--- RAW DATA Enclosed Below ---
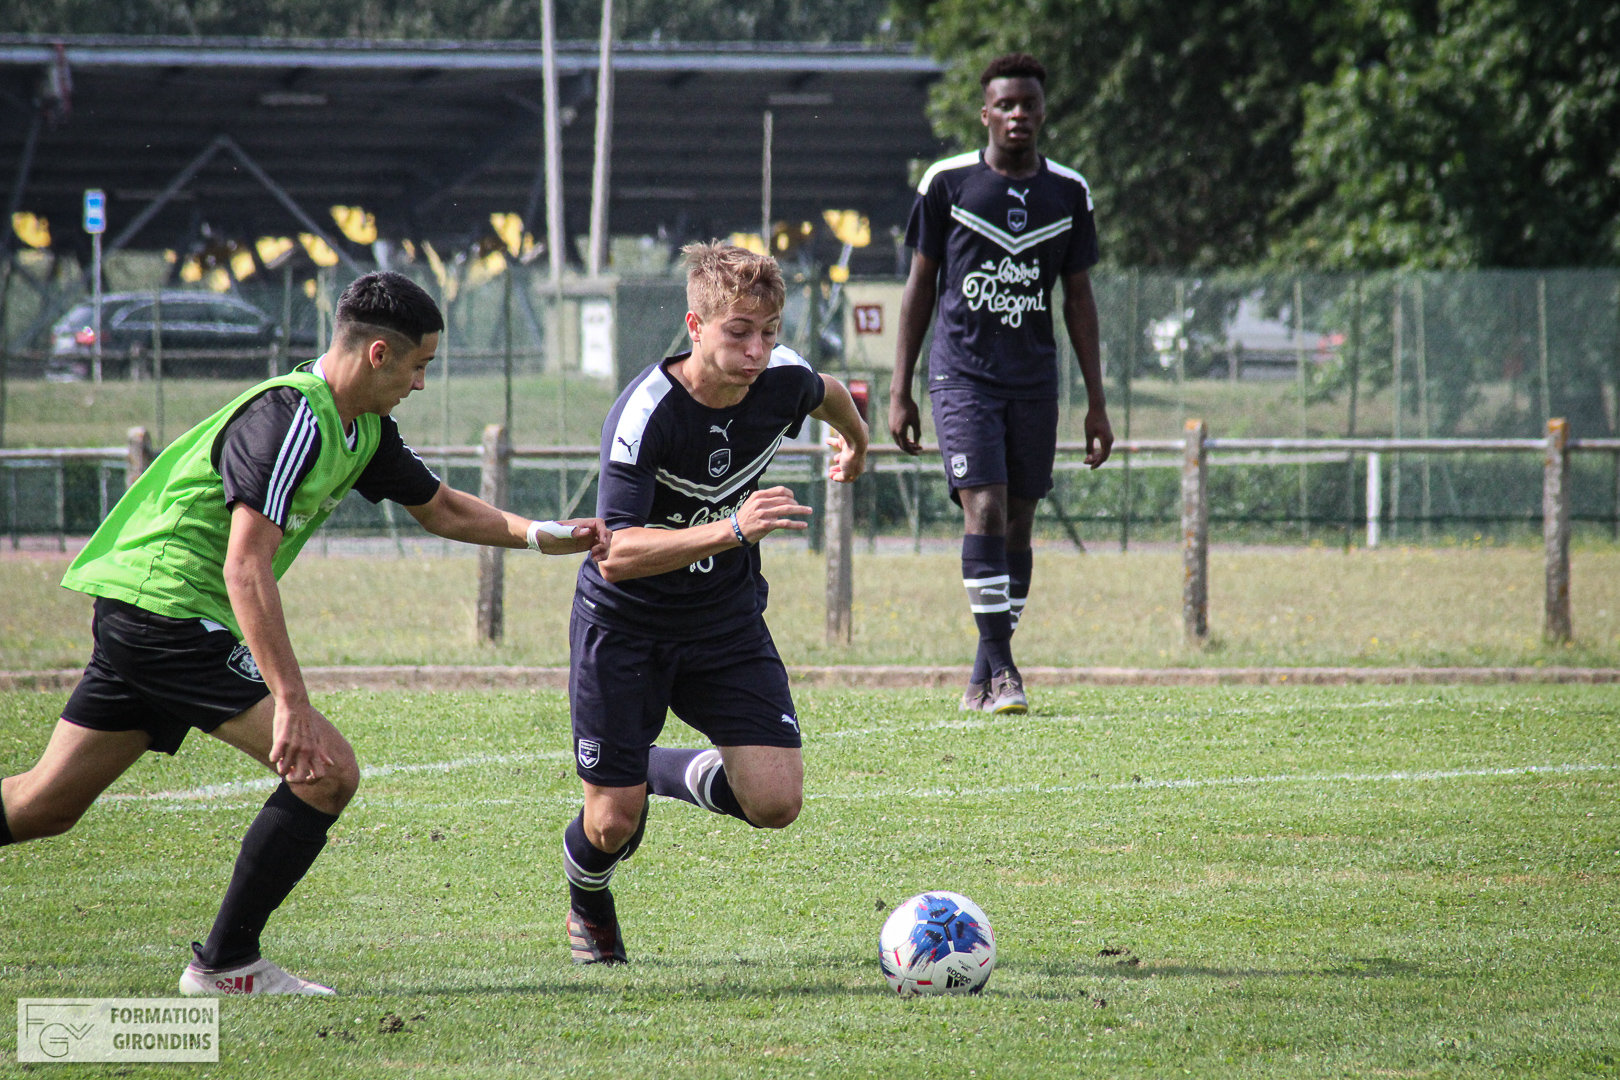 Cfa Girondins : Double confrontation amicale contre Toulouse - Formation Girondins 
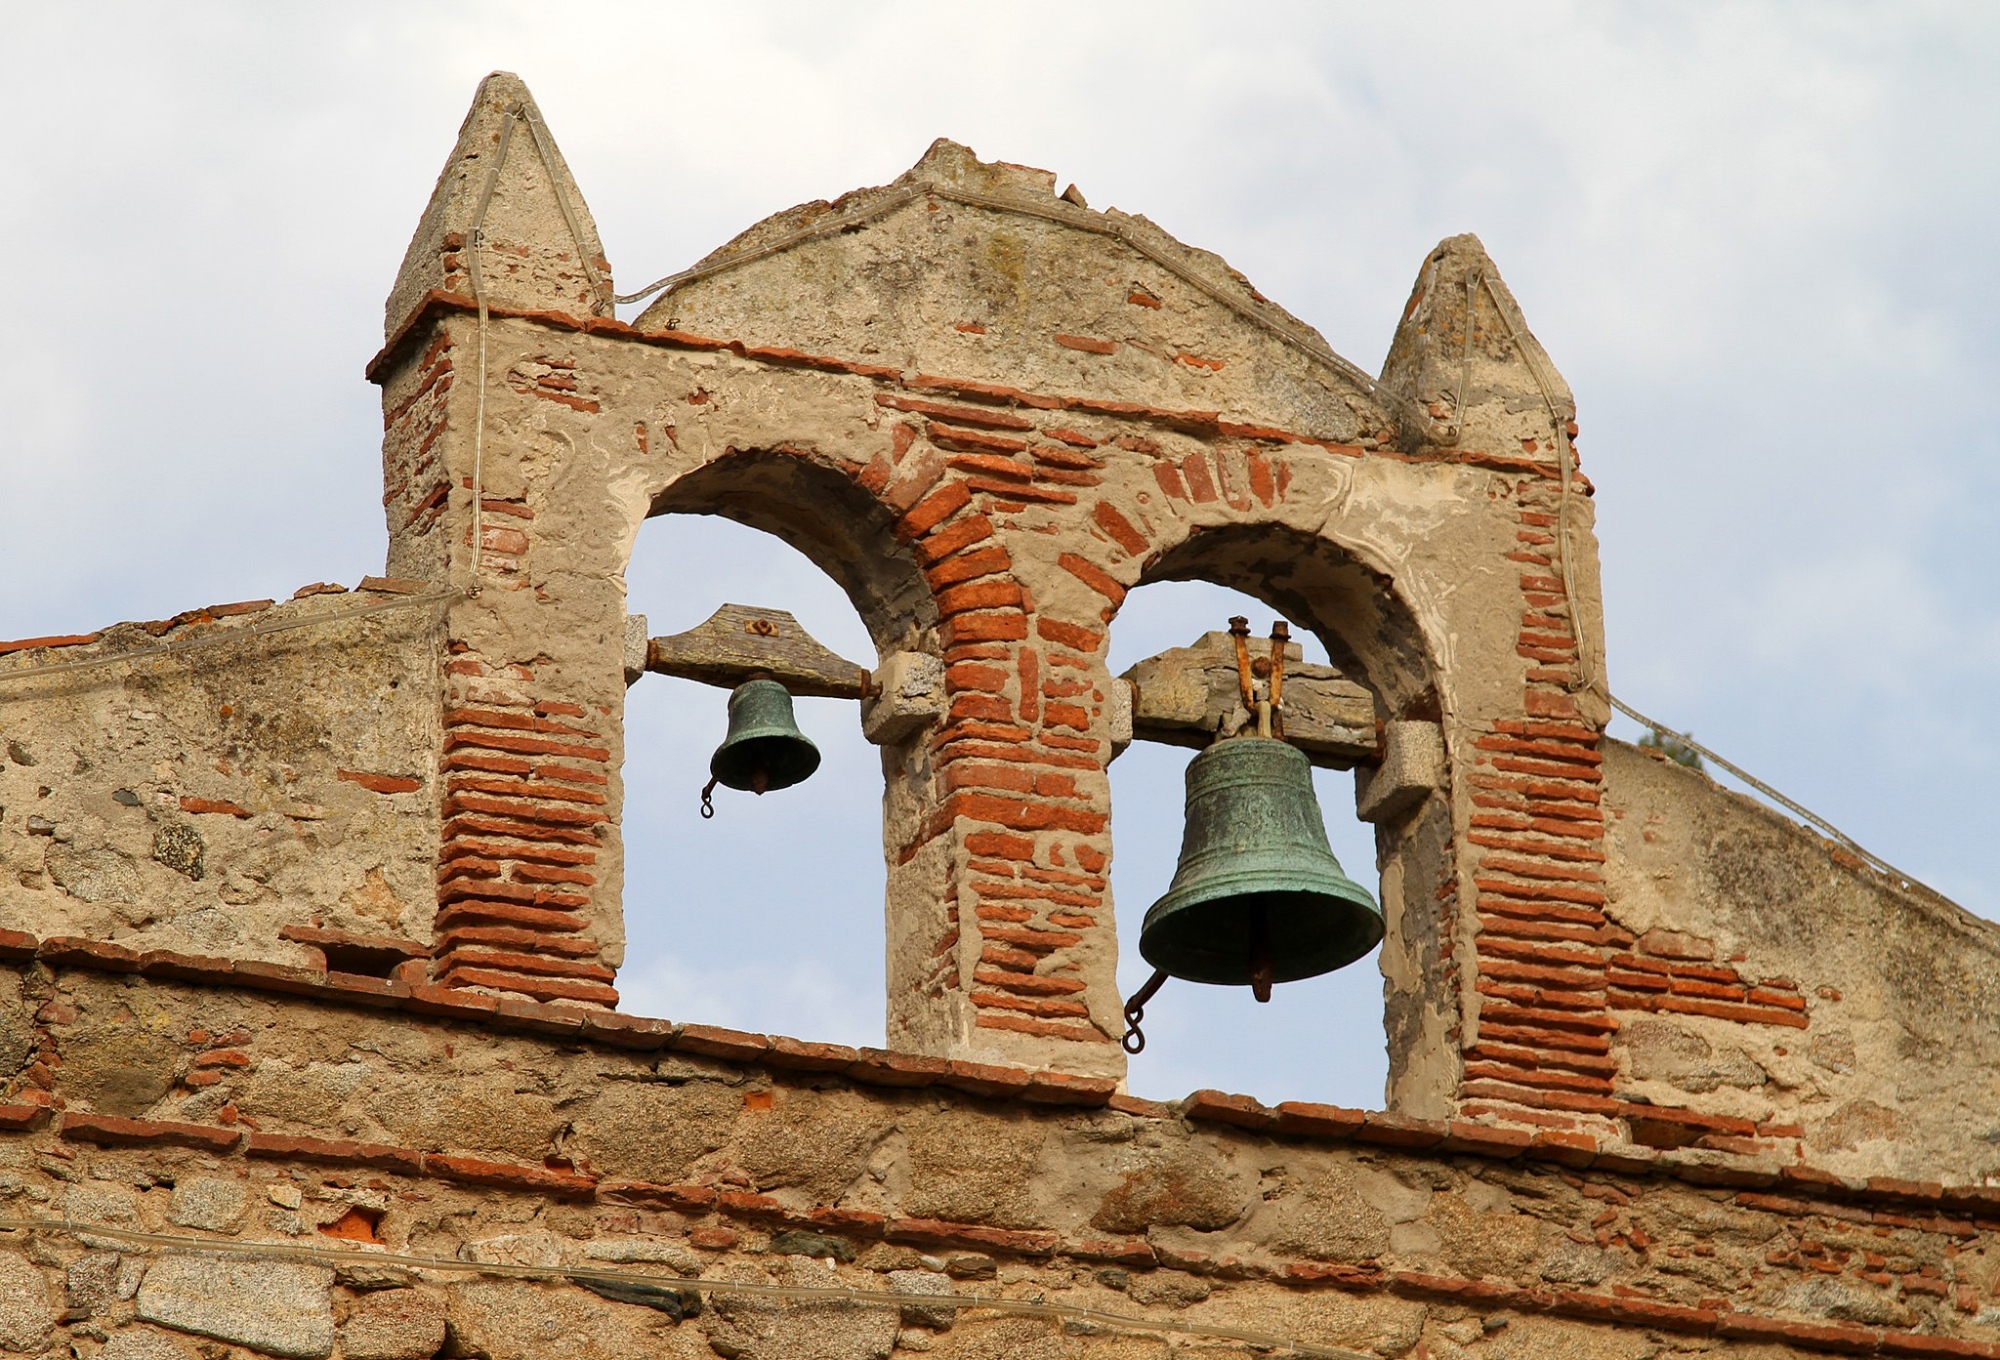 Bells of the Church of Saints Pietro and Paolo in San Piero
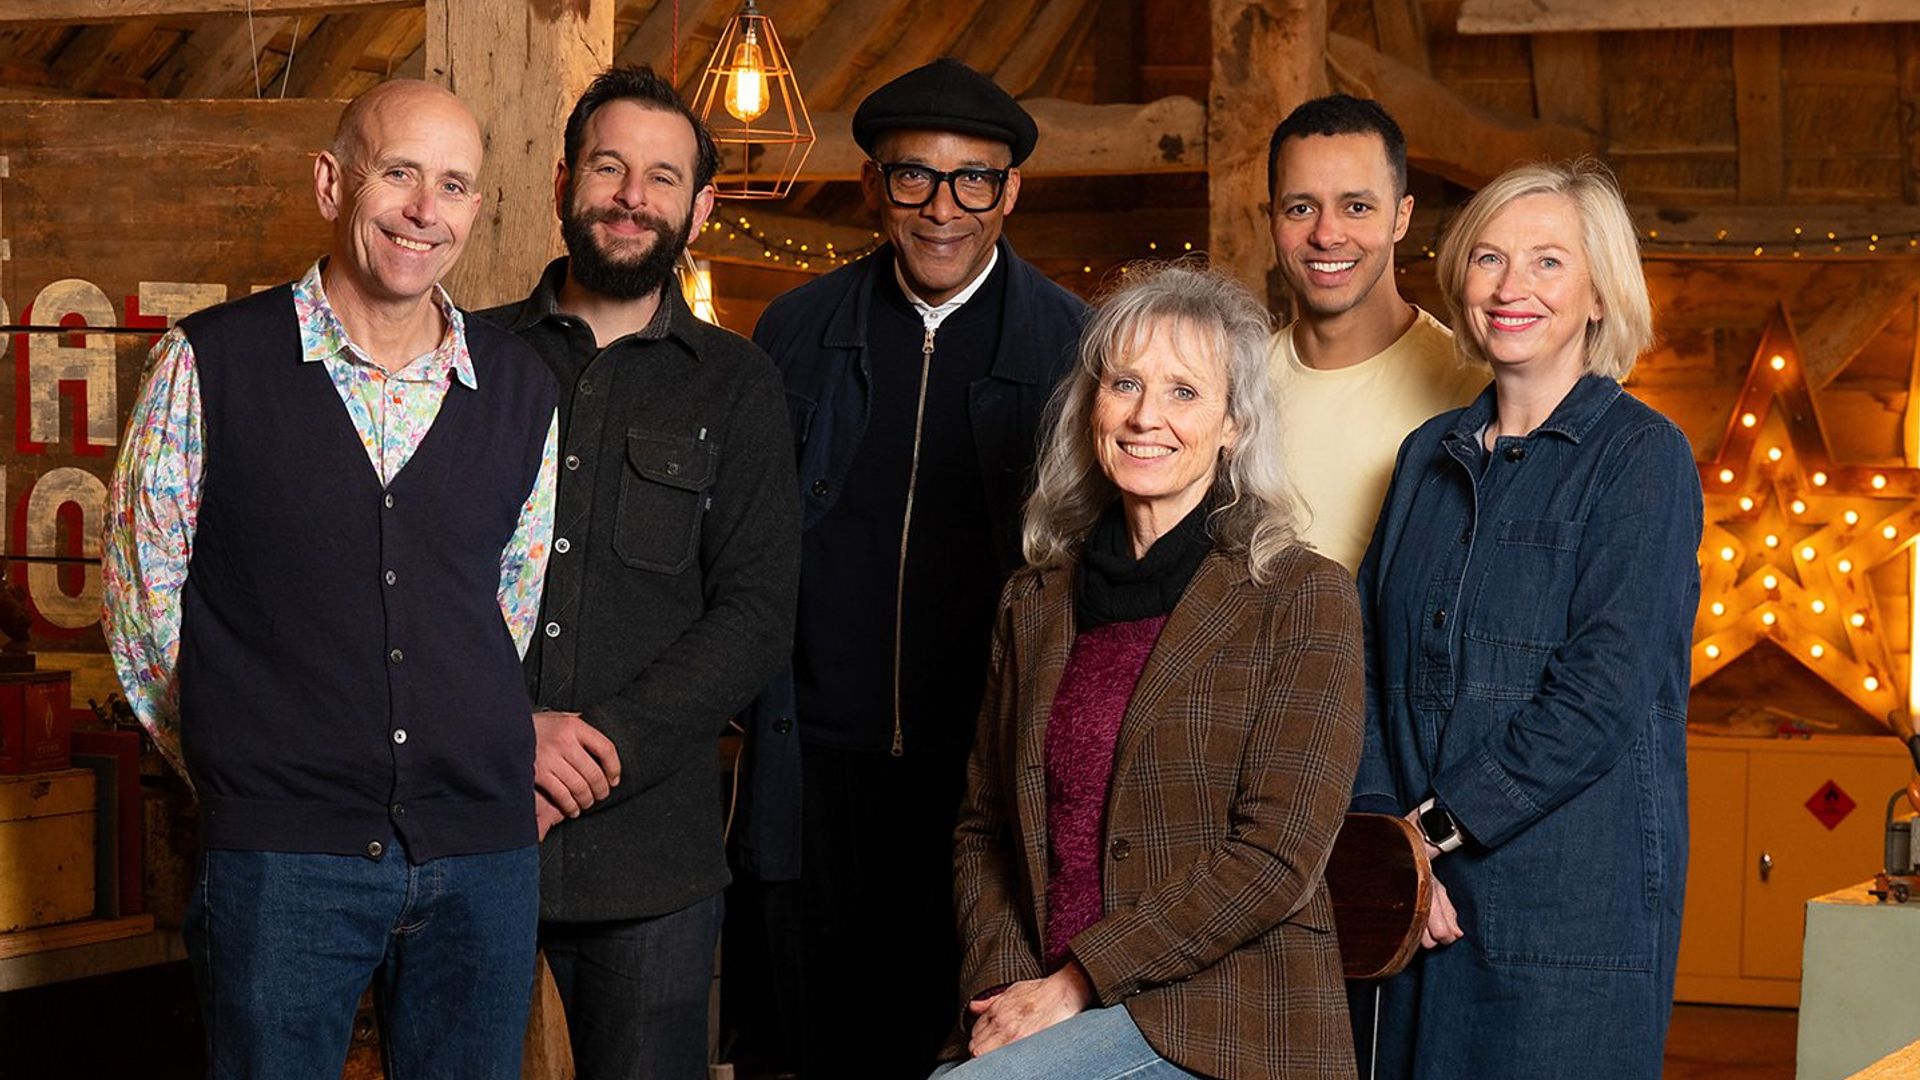 Meet the cast of BBC’s The Repair Shop - all about the experts
--- End of Enclosed RAW DATA ---
WORK TASK: All lines above are to be restated word for word, with pictures excluded.

SOLUTION:
 Cfa Girondins : Double confrontation amicale contre Toulouse - Formation Girondins 
 Bells of the Church of Saints Pietro and Paolo in San Piero
 Meet the cast of BBC’s The Repair Shop - all about the experts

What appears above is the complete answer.